- The paper reveals that LMMs struggle with inductive physical reasoning, particularly in collision scenarios deviating from known physical laws.
- It introduces the InPhyRe benchmark, using synthetic video scenarios to test model performance under both regular and irregular physical conditions.
- Experimental insights show LMMs rely heavily on parametric knowledge and language cues, highlighting the need for improved multimodal integration.
Inductive Physical Reasoning in Large Multimodal Models
The paper "InPhyRe Discovers: Large Multimodal Models Struggle in Inductive Physical Reasoning" addresses the gap in current benchmarks by introducing InPhyRe, a visual question answering benchmark designed to assess inductive physical reasoning in Large Multimodal Models (LMMs). The emphasis of this study is on how LMMs handle collision events that deviate from universal physical laws such as momentum conservation. The findings indicate significant challenges in LMMs' reasoning capabilities, especially when faced with unseen physical laws.
Background and Motivation
LMMs encode parametric knowledge of universal physical laws observed during training. However, their parametric knowledge is limited to scenarios encountered during training and is insufficient in situations that violate the laws encoded in their parameters. Humans, in contrast, can swiftly adapt their reasoning to novel physical environments through inductive reasoning. This paper posits that for LMMs to replace human agents in critical application domains like autonomous driving, they need robust inductive physical reasoning capabilities.

Figure 1: LMM is asked to predict the change in vertical velocity of an object colliding with a vertical wall, illustrating difficulties in inductive physical reasoning.
InPhyRe Benchmark Design
InPhyRe is the inaugural benchmark explicitly developed for evaluating inductive physical reasoning in LMMs. It includes synthetic video scenarios where LMMs predict outcomes of collision events either adhering to or deviating from known physical laws.
Scenarios and Categories
The benchmark is structured around scenarios, categorized by the physical laws they violate or adhere to:
- Momentum Conservation Violation: Scenarios where linear or angular momentum principles are violated (Figure 2).
- Inconsistent Physics: Scenarios where some object properties violate typical physical laws (e.g., specific colored objects behaving differently).
- Miscellaneous: Scenarios assessing concepts like visual bias in physical reasoning.

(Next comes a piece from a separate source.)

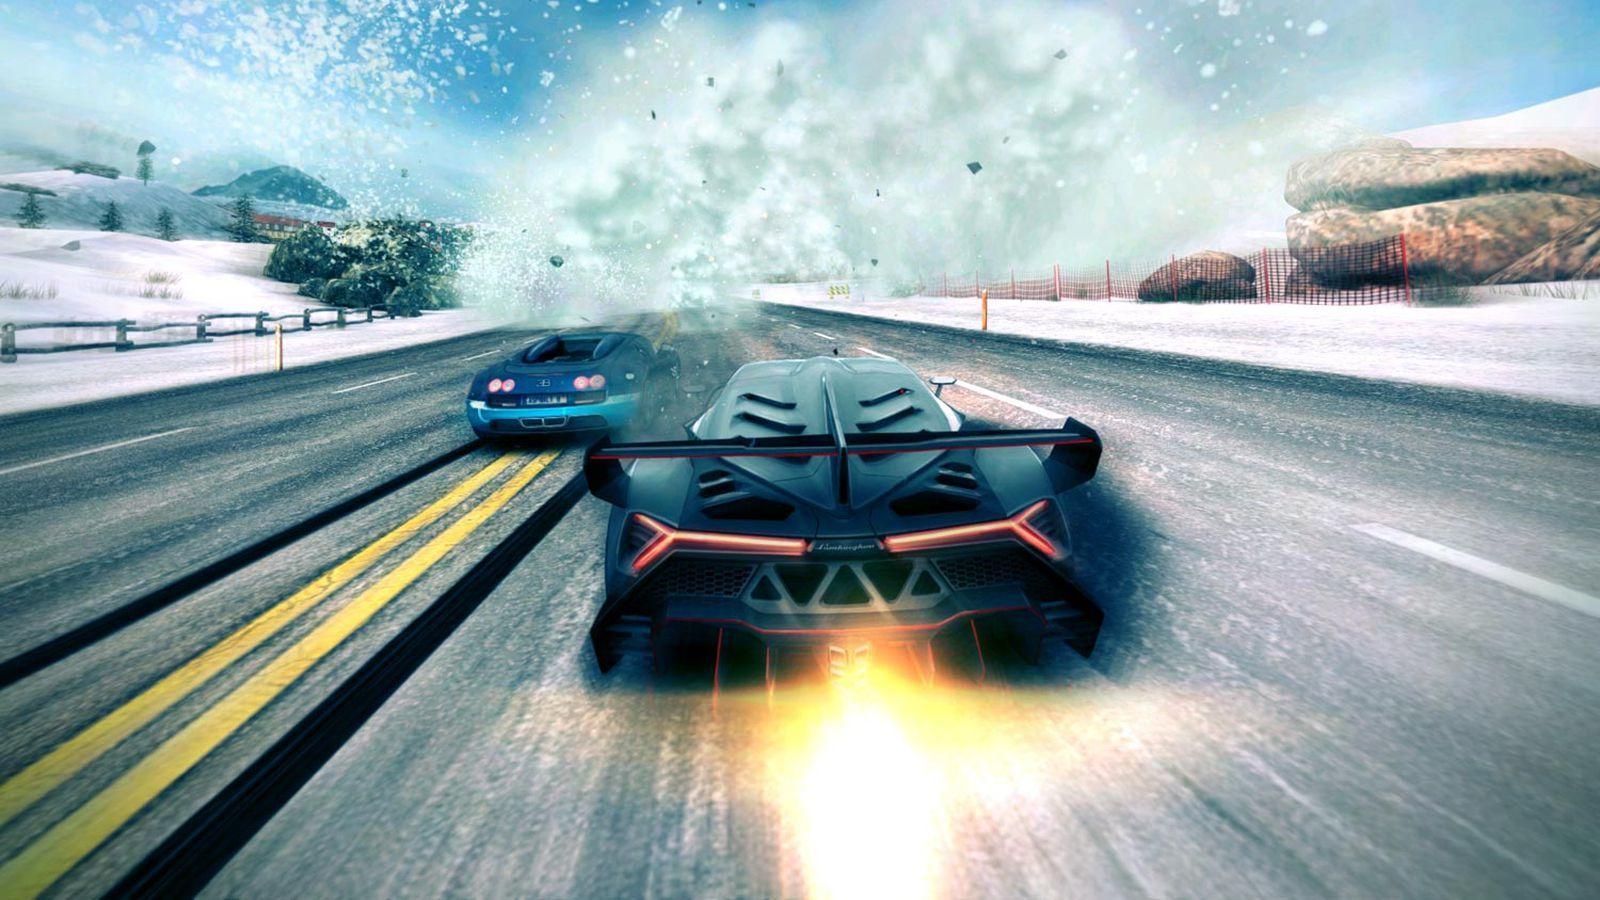 Gameloft brings Asphalt 8 and two other games to Amazon Fire TV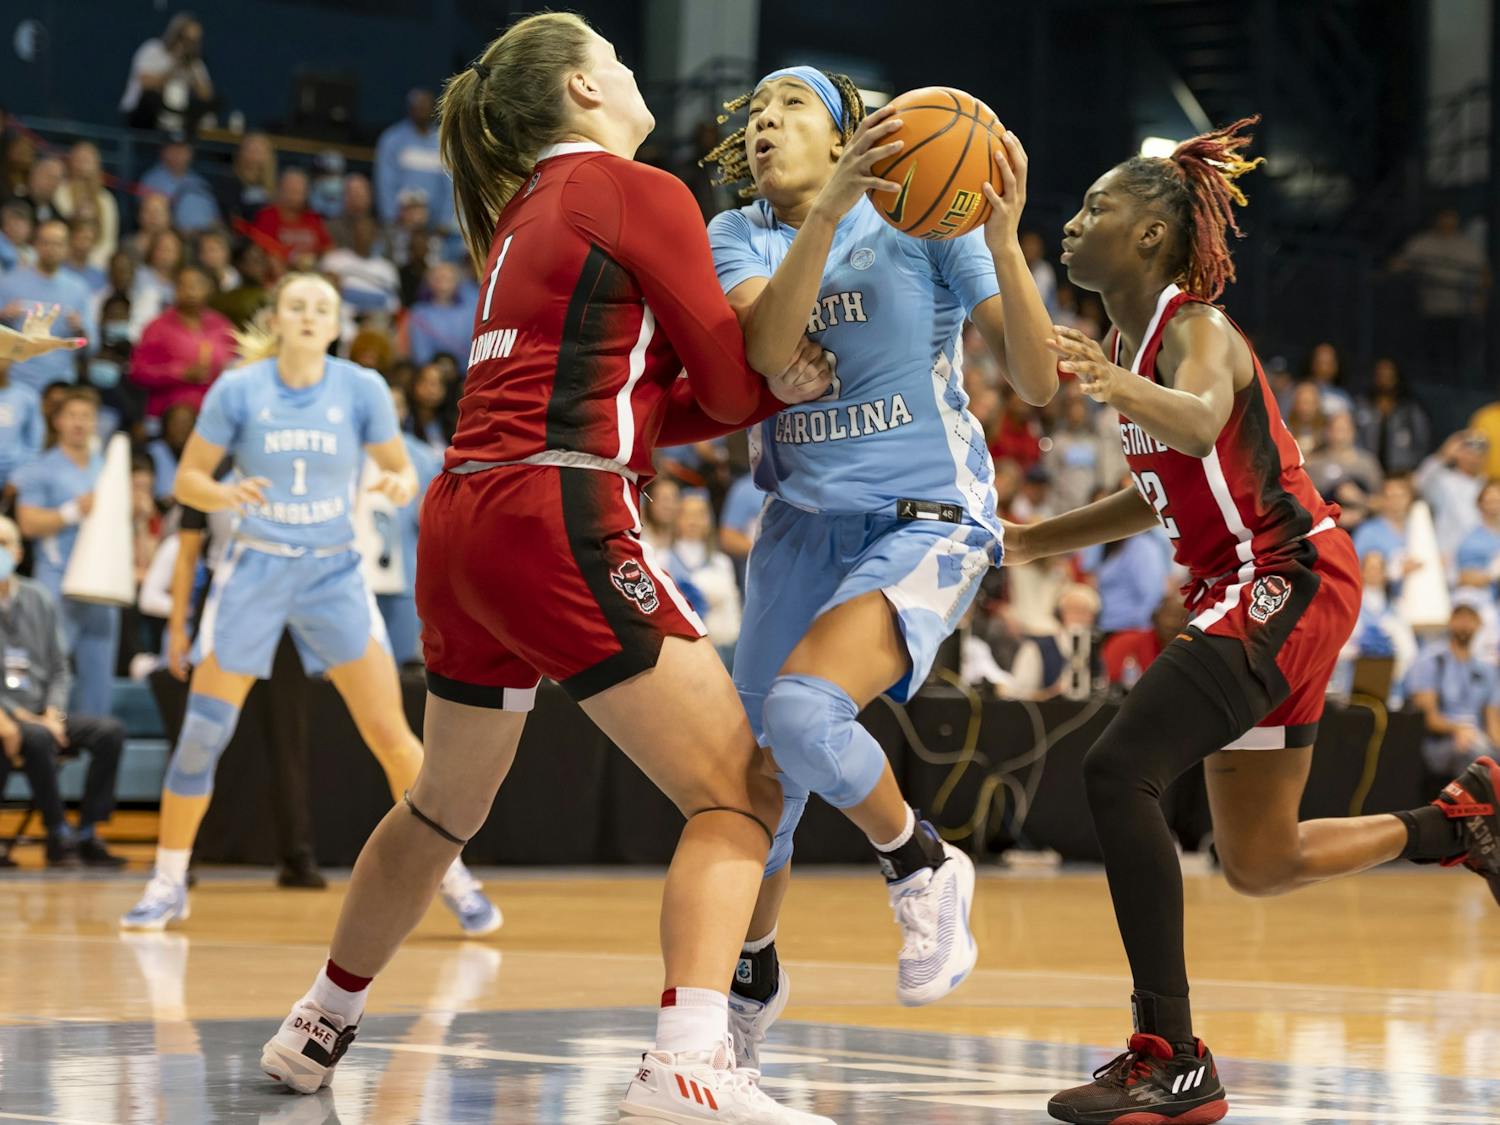 UNC junior guard Kennedy Todd-Williams makes a break towards the basket after stealing the ball from NC State during the game at Carmichael Arena on Sunday, Jan. 15, 2023. UNC won 56-47.

Figure 2: Structure of the InPhyRe benchmark featuring scenarios that violate universal physical laws.
Evaluation Methodology
LMMs are assessed under zero-shot and few-shot settings, distinguished by whether exemplars that follow (regular) or violate (irregular) universal laws are used. The performance gap between these settings is used to measure inductive physical reasoning strength.
Open Challenges
The study identified several challenges:
- Limited Parametric Knowledge: LMMs often fail basic reasoning tasks, even in regular scenarios.
- Weak Inductive Reasoning: Performance significantly deteriorates in irregular scenarios where inductive reasoning is vital.
- Language Bias: LMMs predominantly rely on language cues rather than visual inputs, highlighting trust issues when visual congruity with textual information is absent.
Experimental Insights
The experiments involved a diverse set of LMMs with differing architectures and parameter counts. The models displayed variable performance based on their architectural nuances.
Figure 3: Visual pipeline for generating synthetic videos used in the benchmark.
Implications and Future Directions
The findings underscore critical gaps in LMMs' reasoning capabilities—specifically, the need for models to balance their parametric knowledge with flexible, inductive reasoning capabilities. Future research could explore incorporating feedback mechanisms in training protocols to enhance inductive reasoning in LMMs. Moreover, addressing language bias by integrating more robust visual processing capabilities is another prospective pathway.
Conclusion
"InPhyRe" presents substantial insights into the limitations of current LMMs regarding inductive physical reasoning. The benchmark's value lies in its potential to guide the development of more versatile AI systems capable of understanding and reasoning about complex real-world scenarios beyond their training experiences. Future work should prioritize methods to alleviate these identified deficiencies, potentially involving adaptive learning strategies and enhanced multi-modal integrations to replicate the nuanced understanding inherent in human reasoning.